Pieter Erberveld (ca. 1660 - April 14, 1722) was a Eurasian resident of Batavia, Dutch East Indies (now Jakarta), the headquarters of the VOC in Asia, during the 17th and early 18th centuries who was accused of plotting a rebellion with Javanese for January 1, 1722, but was captured and executed, and a monument erected where his house had once stood.
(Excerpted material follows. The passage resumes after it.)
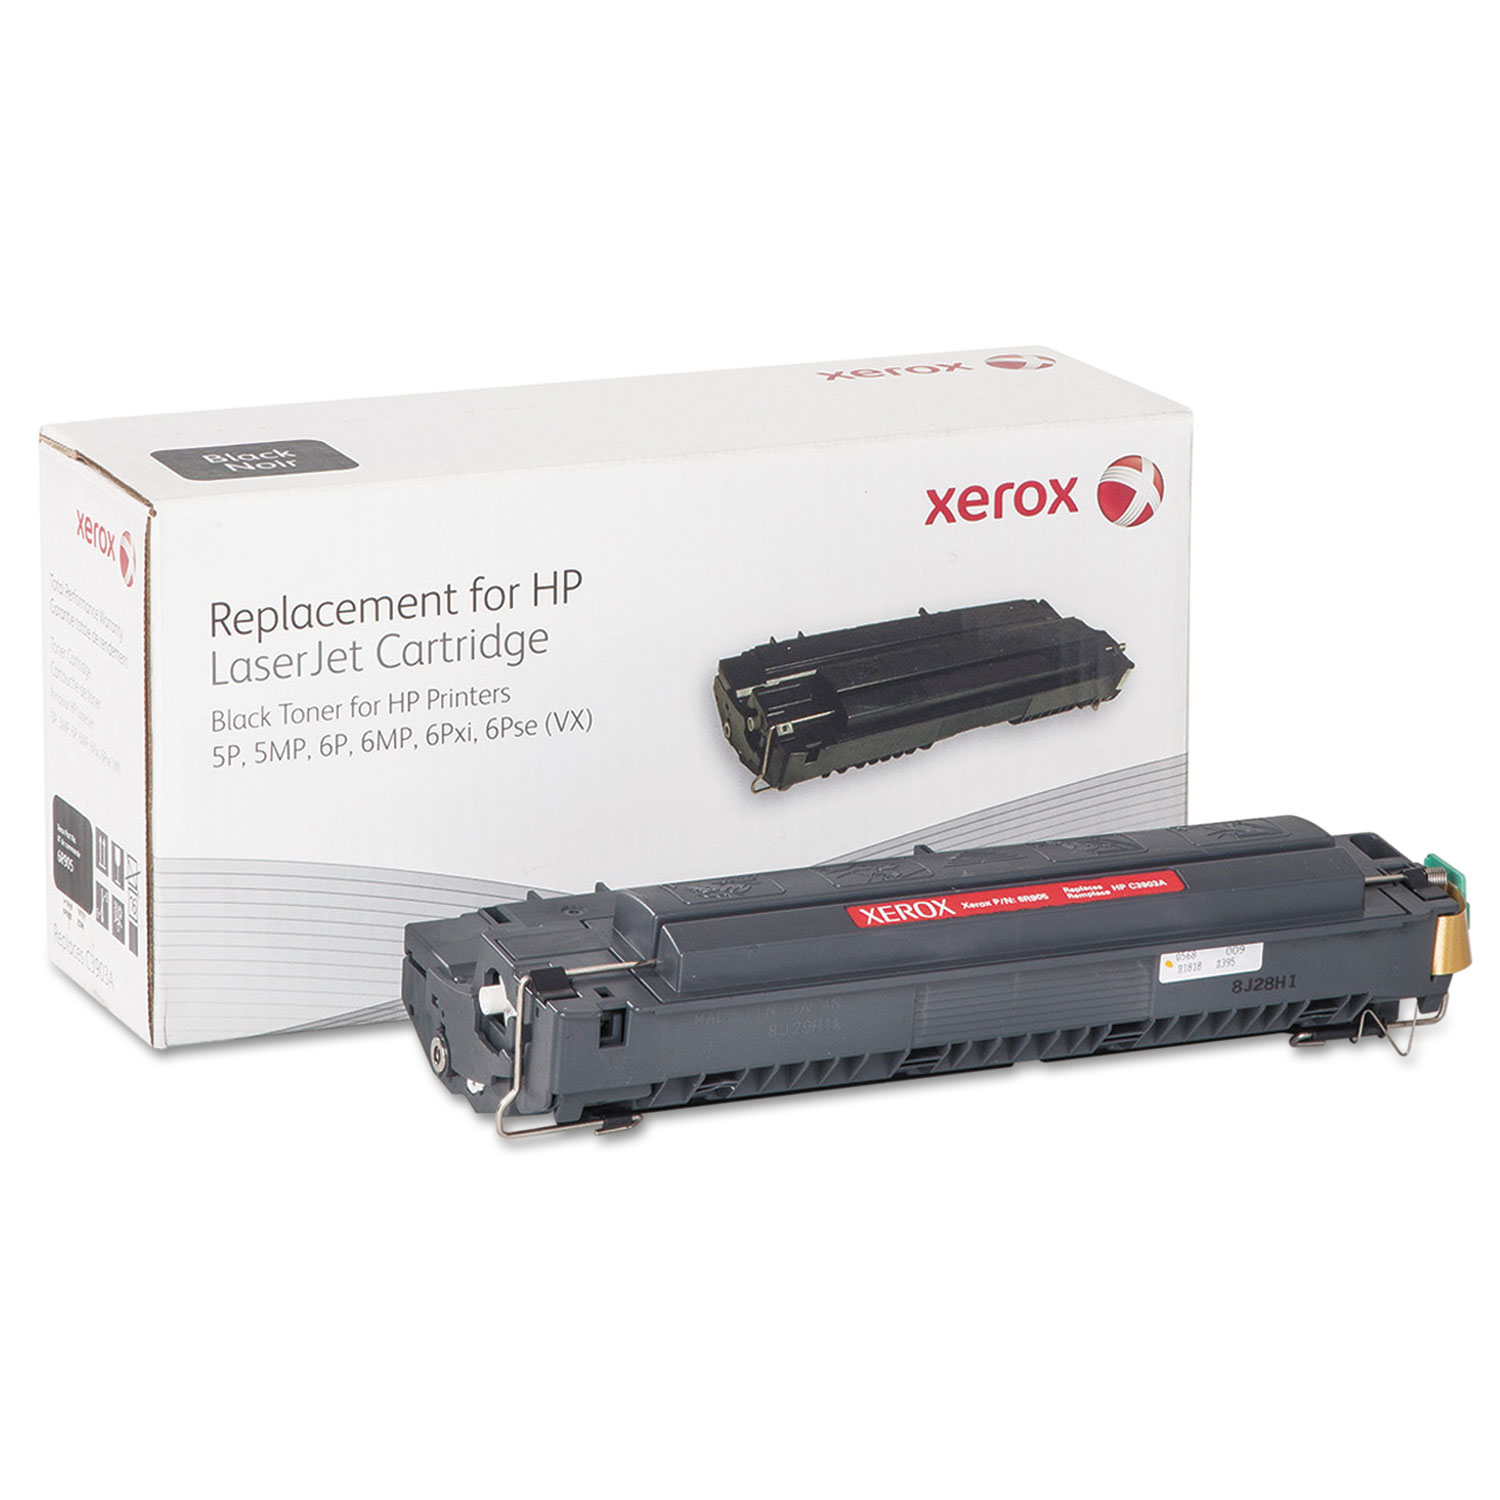  Xerox 006R00905 006R00905 Replacement Toner for C3903A (03A), Black (XER006R00905)

Although he is often described as half-Javanese, or half-Dutch, Pieter Erberveld was the son of a German (Westphalian) father, a tanner of hides, and Siamese Christian mother. He was born around 1660 in the Siamese kingdom of the Ayutthayan kingdom. When his father moved the family to Batavia, he had them all baptized in November 1671. Erberveld was among the more wealthy residents of Batavia, although he was not a VOC employee. In the early 18th century, he had a dispute with the VOC authorities about his inheritance, which may have played a role in later events. In 1721, he was accused of plotting a rebellion with thousands of Javanese, with the goal of establishing an Islamic state, but was arrested at his residence with a small number of people, tortured, and quartered.

The monument which was erected on the site of his residence featured a concrete or plaster skull on a spike (which was rumored to be real), and carried a plaque stating that no one should ever build or plant on this site again. This monument remained in its original location on the Jacatraweg until the Japanese demolished it in early 1942, as one of their efforts to rid Indonesia of the Dutch and the colonial atmosphere, but even Japanese visitors had been regularly taken to visit the monument in prewar years. After the war, the monument was rebuilt, before being moved again to the Taman Prasasti Museum in Tanah Abang.

Pieter Erberveld was locally relatively well known, and is sometimes referred to as Pangeran Pecah Kulit (broken skin prince) either because of the means of his death (drawing and quartering) or more likely from the local area's nickname, derived from the presence of a tannery in the area. Numerous stories about Erberveld have circulated in Indonesian society since at least 1888, including a novel published in 1924 by Tio Ie Soei and one version of the story about his was made into a TV drama in the 1980s.

The spelling of Pieter Erberveld varies in different sources, including Pieter Erbervelt and Pieter Elberveld.